Übergabe der Coherent- Anlage LineBeam 155 an das Fraunhofer ILT.

© Fraunhofer ILT, Aachen / Andreas Steindl.

Neue Verfahren mit dem Excimerlaser wollen Coherent und das Fraunhofer ILT in einem mehrjährigen Kooperationsprojekt entwickeln. Zu diesem Zweck hat Coherent einer Forschergruppe des Fraunhofer ILT ein LineBeam-System zur Verfügung gestellt.

Das System bietet eine Laserlinie der Länge 155 mm mit einer Breite von 0,3 mm sowie mehr als 150 W stabilisierte UV-Leistung bei einer Wellenlänge von 248 nm. Wahlweise kann ein Maskenabbildungssystem hinzugeschaltet werden.

Die kurzwellige UV-Strahlung mit einer Energie von über 1 J pro Puls erlaubt dabei sowohl das Abtragen unterschiedlicher Materialien mit Mikrometerauflösung als auch eine schnelle und selektive Bearbeitung von Schichtsystemen im Mikro- und Nanometerbereich. »Diese Kombination aus Präzision und Bearbeitungsgeschwindigkeit schafft kein anderes System«, so Dr. Ralph Delmdahl, Product Marketing Manager von Coherent.

Neue Laserverfahren auch für den Leichtbau

»Wir wollen neue Anwendungen und neue Materialien qualifizieren, die hinterher für die industrielle Fertigung skaliert werden«, beschreibt Dr. Arnold Gillner, Leiter des Kompetenzfeldes Abtragen und Fügen am Fraunhofer ILT, das gemeinsame Vorhaben. Ein erstes Themenfeld ist die Bearbeitung von Faserverbundwerkstoffen.

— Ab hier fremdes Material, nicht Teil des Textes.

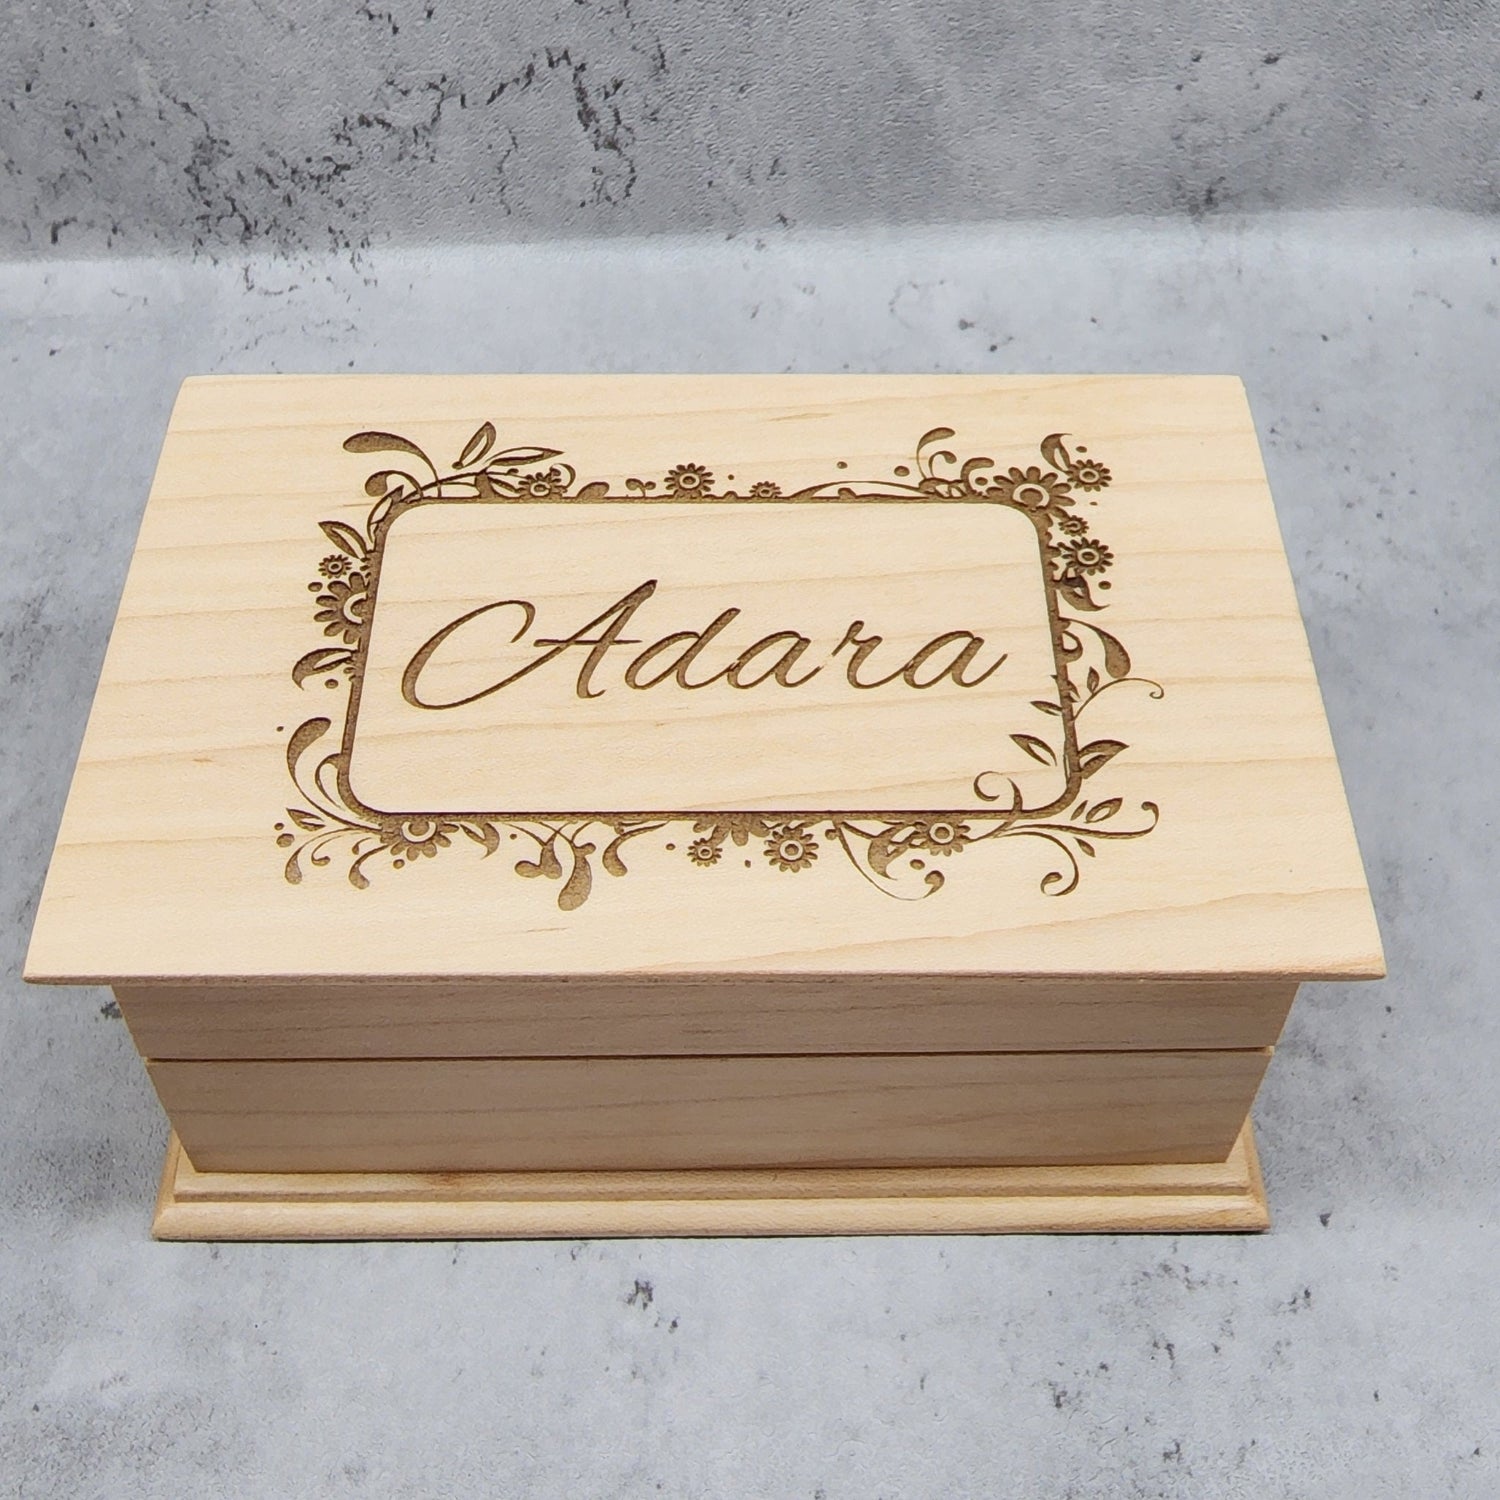 Jewelry box with a floral frame and name engraved in cursive, choose color and any songs

So können zum Beispiel die Klebeflächen von carbonfaserverstärktem Kunststoff (CFK) mit dem Excimerlaser schonend und präzise vorbereitet werden. Eine andere Anwendung ist die großflächige Entfernung von Hilfsschichten (Release-Schichten) bei CFK-Bauteilen.

Dies dürfte für die Luftfahrt ähnlich interessant sein wie auch für den Schiffbau. Zudem ist die gezielte Veränderung von Oberflächen ein anvisiertes Ziel der Kooperation. Technische Bauteile lassen sich so mit zusätzlichen Funktionalitäten versehen, die sonst nur durch aufwändige Beschichtungen erzeugt werden können.

Im Vordergrund steht die geringe Eindringtiefe der UV-Strahlung, die eine Funktionalisierung der Oberfläche mit sehr niedrigem Wärmeeintrag erlaubt. Der Excimerlaser ist damitaufgrund seiner besonders kurzen Wellenlänge sogar neuen Ultrakurzpuls-Lasern überlegen.

Die Vielfalt der potenziellen Anwendungen ist breit gefächert. Neben der Evaluation von Verfahren für Bearbeitungsstrategien können auch neue Materialien auf ihre Bearbeitbarkeit hin überprüft werden.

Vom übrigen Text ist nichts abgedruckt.